The Heritage Foundation did not respond to a request from In These Times for information about its funding sources, but even under the unlikely scenario that the Heritage Foundation decided to drastically halt its cash stream from weapons companies, the documented donations are recent enough that, likely, the programs or staffers that money funded are still around. Regardless, the article raises questions about what kind of advocacy the weapons industry might be doing behind closed doors. And the fact that it name-checks the hardships imposed on Lockheed Martin, which we know has provided funding to the Heritage Foundation, certainly raises eyebrows.
This case provides a window into the murky world of think tanks, which are often viewed as academic and above-the-fray institutions but operate more as lobbying outfits. If Lockheed Martin were to run its own public relations campaign against the Biden administration's climate regulation, the public might rightfully be skeptical of a company that markets weapons; an influential and prominent think tank, with its long history of influencing government, is better positioned to take up such a cause.
Founded in 1973, the Heritage Foundation exerted significant power over the Reagan administration, which adopted a vast swath of the think tank's recommendations, from tax policy to military spending. The Heritage Foundation would go on to influence the Tea Party movement and the Trump administration, claiming credit for Trump's imposition of work requirement rules for food stamp recipients. Arguably, the Heritage Foundation's top policy priority is opposing unions and social programs for the poor, but it also shows consistent opposition to climate actions, however meager, arguing that climate diplomacy toward China is too conciliatory and that new research and dire warnings about the consequences of climate change from the UN Intergovernmental Panel on Climate Change aren't a "blank check for green policies."
The Washington Examiner, which co-published Clark's article, is a subsidiary of Clarity Media Group, known for its extremely conservative bent. So this isn't the kind of article meant to appeal to liberals. Rather, the article sends a message to the business community and conservative groups that the Heritage Foundation is taking a position against even modest regulation.

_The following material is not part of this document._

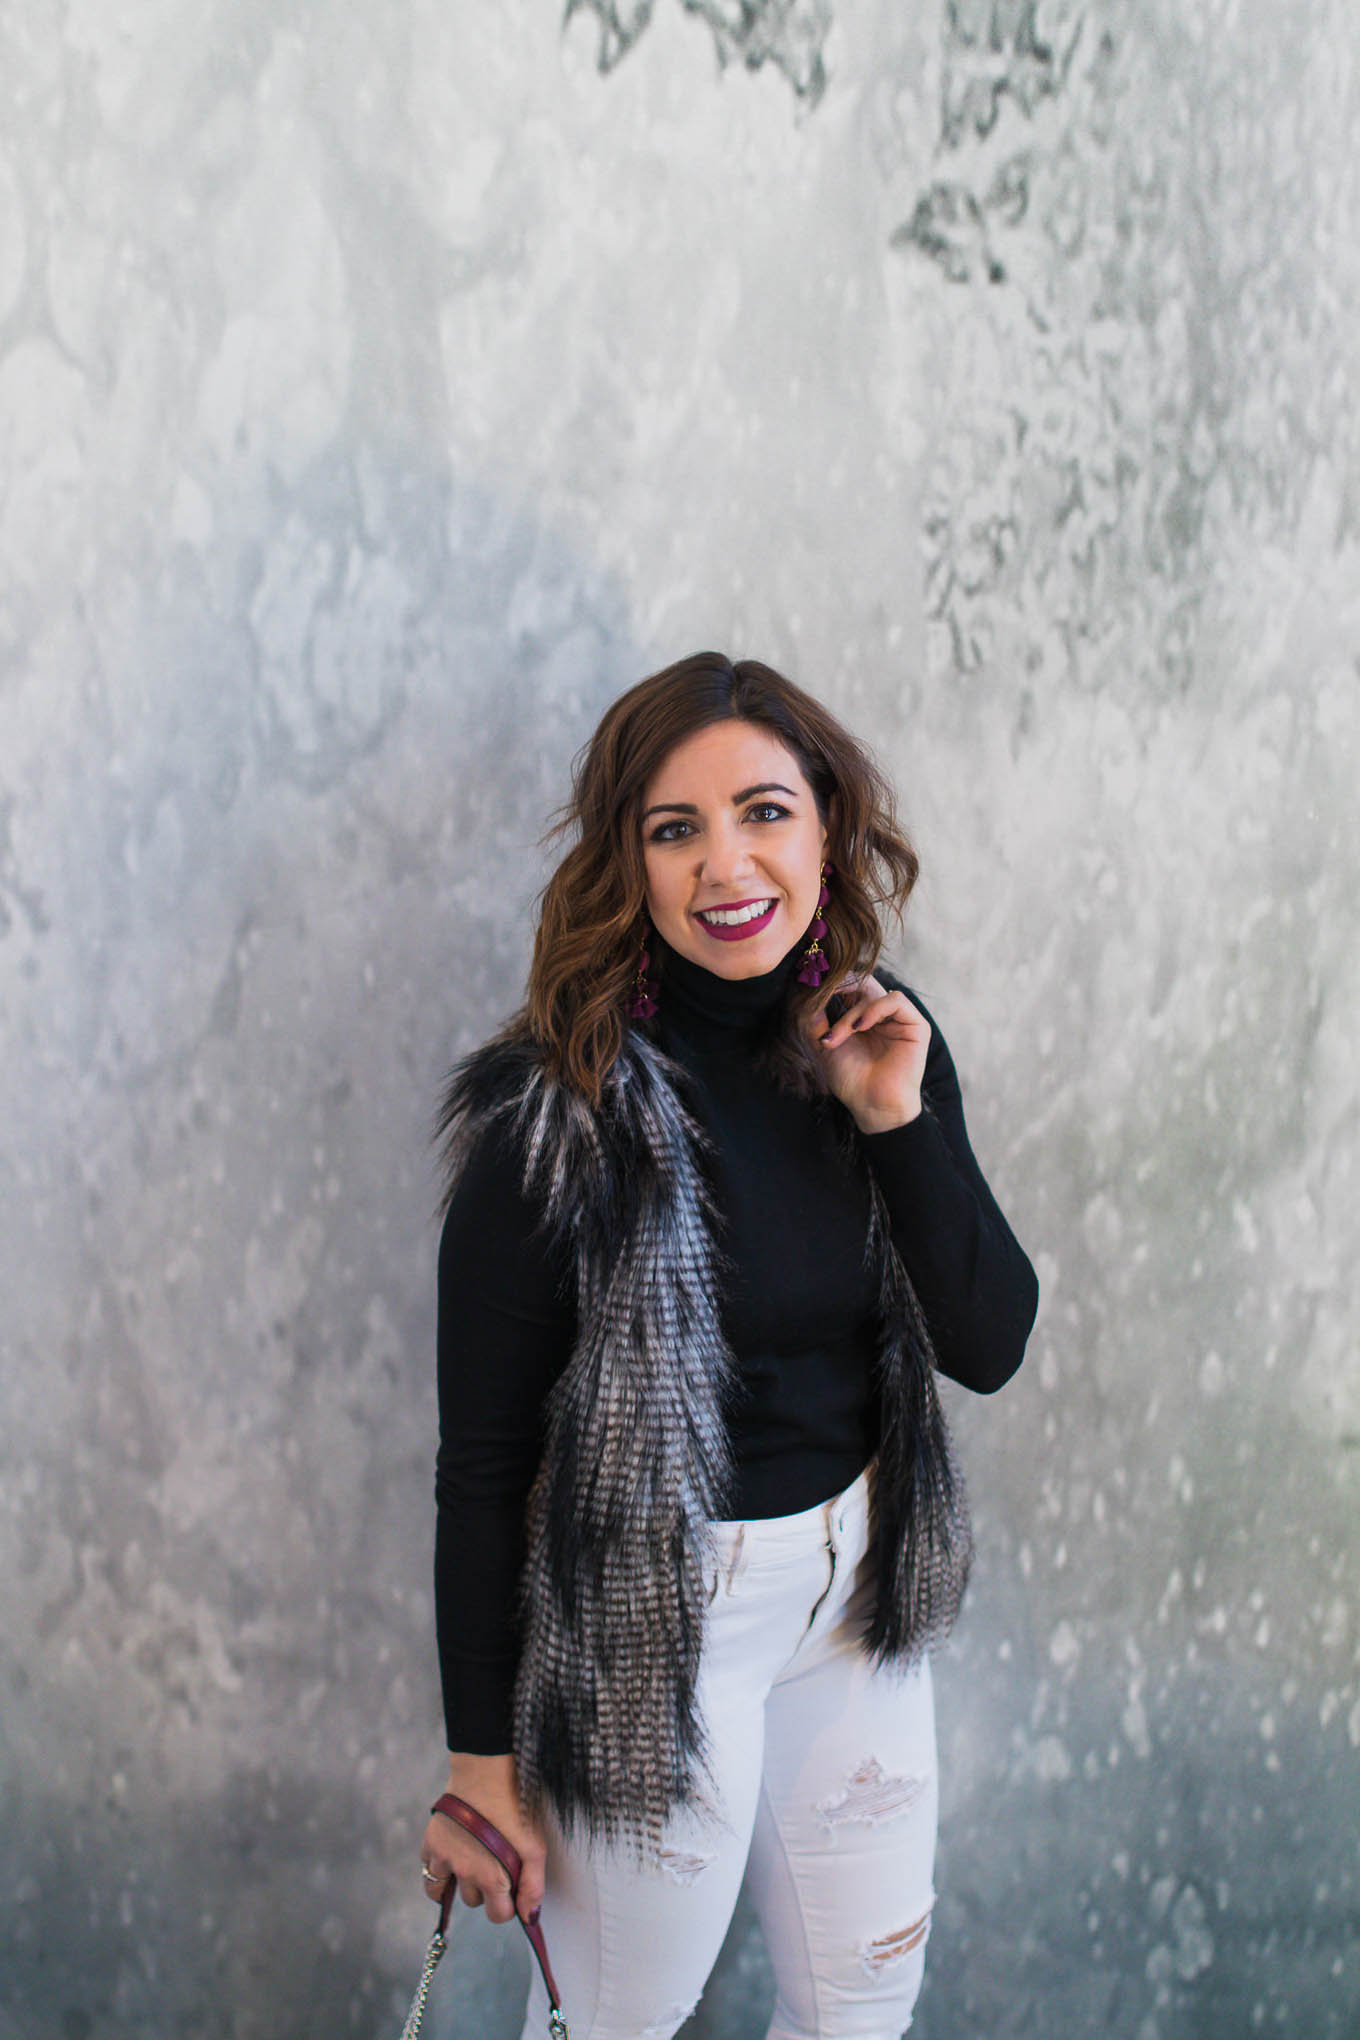 Lifestyle blogger Roxanne of Glass of Glam wearing a faux fur vest, J.Crew turtleneck, Old Navy white denim, and Baublebar earrings

Until December 14, the Federal Acquisition Regulatory Council is soliciting public comment as it considers making regulatory changes to reflect the new rule and "ensure that major Federal agency procurements minimize the risk of climate change." Clark's article appears timed for this period of public input, though it remains unclear whether the Heritage Foundation's opposition, with its weapons-industry backers, will influence regulators.
As the climate crisis brings increasingly catastrophic storms, droughts, flash floods and heat waves, the stakes of these kinds of shadow advocacy efforts are monumental. The latest United Nations report warns that dramatic action to curb greenhouse gas emissions must be taken immediately -- on a global scale -- to stave off worst-case scenarios, which would likely see mass death events and entire countries swallowed into the sea.
In the words of Koshgarian: "Climate change is the single biggest existential threat we face, and the military itself is a significant source of emissions. So no, we shouldn't stick our heads in the sand about how much the military industrial complex is emitting."